Digital surgery technologies, including robotic systems, artificial intelligence (AI) algorithms, augmented reality platforms, and advanced data analytics, are rapidly transforming surgical practice. While these technologies hold tremendous potential to improve patient outcomes, they introduce unique regulatory challenges that current frameworks are not fully equipped to address.

Methods

This white paper from the SAGES Surgical Data Science Committee characterizes the regulatory challenges specific to digital surgery technologies and proposes general regulatory principles designed to balance patient safety with efficient delivery of beneficial innovations.

Results

We identify key regulatory gaps across three categories of digital surgery technologies, including enhanced instrumentation and robotics, advanced visualization systems, and AI data analytics and capture.
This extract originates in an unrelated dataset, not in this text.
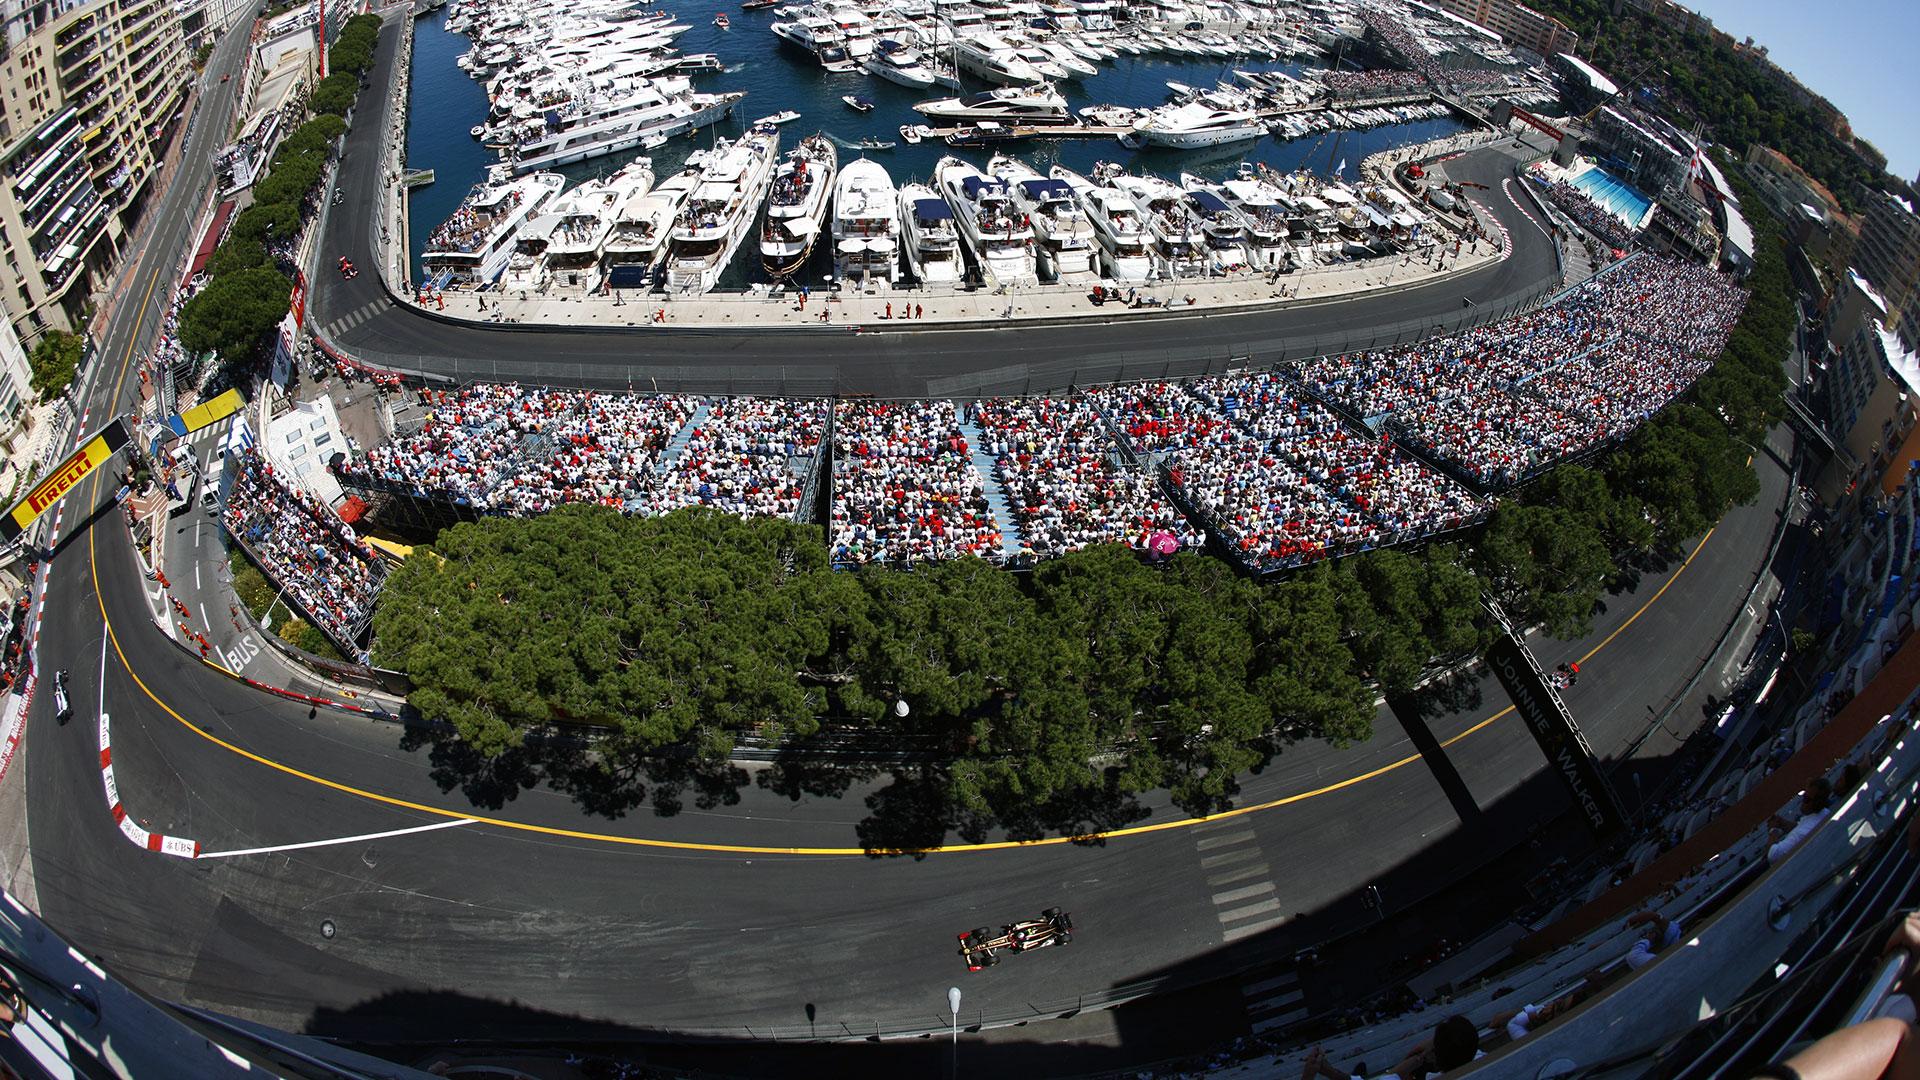 Circuito Monaco : Hd wallpapers formula grand prix of monaco f fansite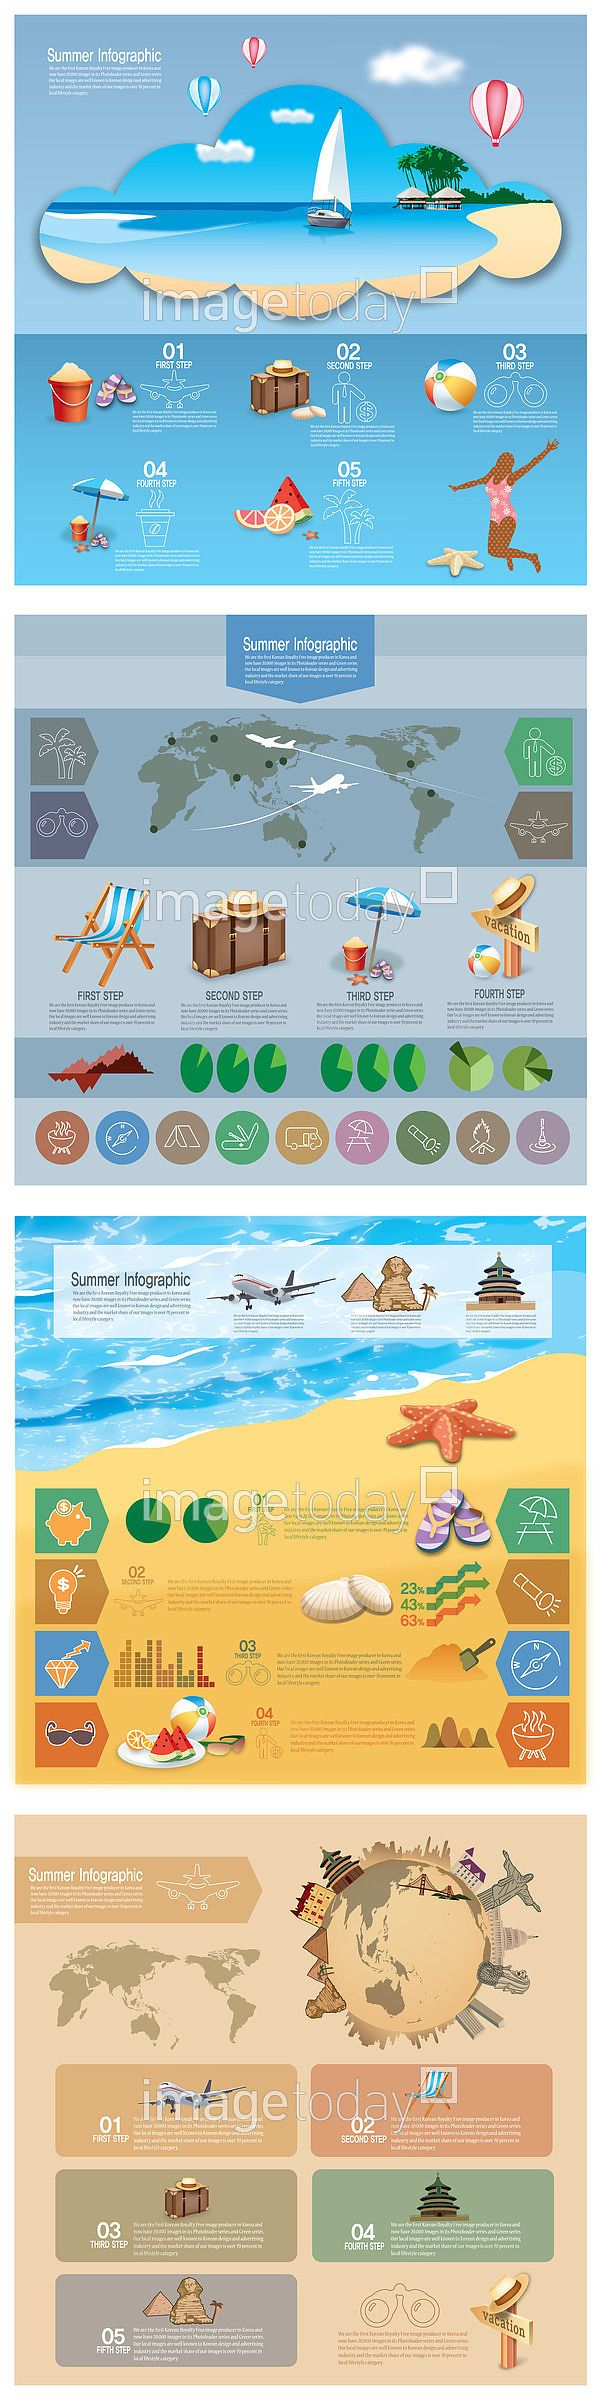 일러스트 #이미지투데이 #imagetoday #클립아트코리아 #clipartkorea #통로이미지 #tongroimages 계절 여름 과일 여행 바다 플랫디자인 인포그래픽 해외여행 휴가 선글라스 해변 조개 불가사리 글로벌 랜드마크 season summer fruit travel sea flatdesign infographic holiday sunglasses beach starfish global landmark illust illustration

Unlike diagnostic tools, these technologies guide real-time, irreversible actions where errors can cause immediate and permanent patient harm. Critical challenges include the lack of clinically meaningful performance metrics, ambiguous liability across hardware and software stakeholders, performance drift in adaptive algorithms, algorithmic bias, data governance concerns, and insufficient cybersecurity standards for intraoperative systems. To address these gaps, we propose a three-tier risk-stratified classification framework aligned with existing FDA pathways, guidance on predetermined change control plans for adaptive technologies, recommendations for performance metrics that balance technical and clinical evaluation, established evaluation frameworks such as IDEAL and stage-specific reporting guidelines to structure development and assessment, a defined role for professional societies and collaborative communities in shaping clinically relevant standards, and evidence requirements reflecting the procedural context of these tools.

Conclusions

Regulation of digital surgery must balance innovation with safety, recognizing that both excessive and insufficient oversight can harm patients. Traditional metrics and trial designs are insufficient, as evaluation must be anchored in clinically meaningful outcomes, ongoing surveillance, and real-world validation. The framework presented provides a foundation for achieving this balance through risk-proportionate, evidence-based regulatory approaches.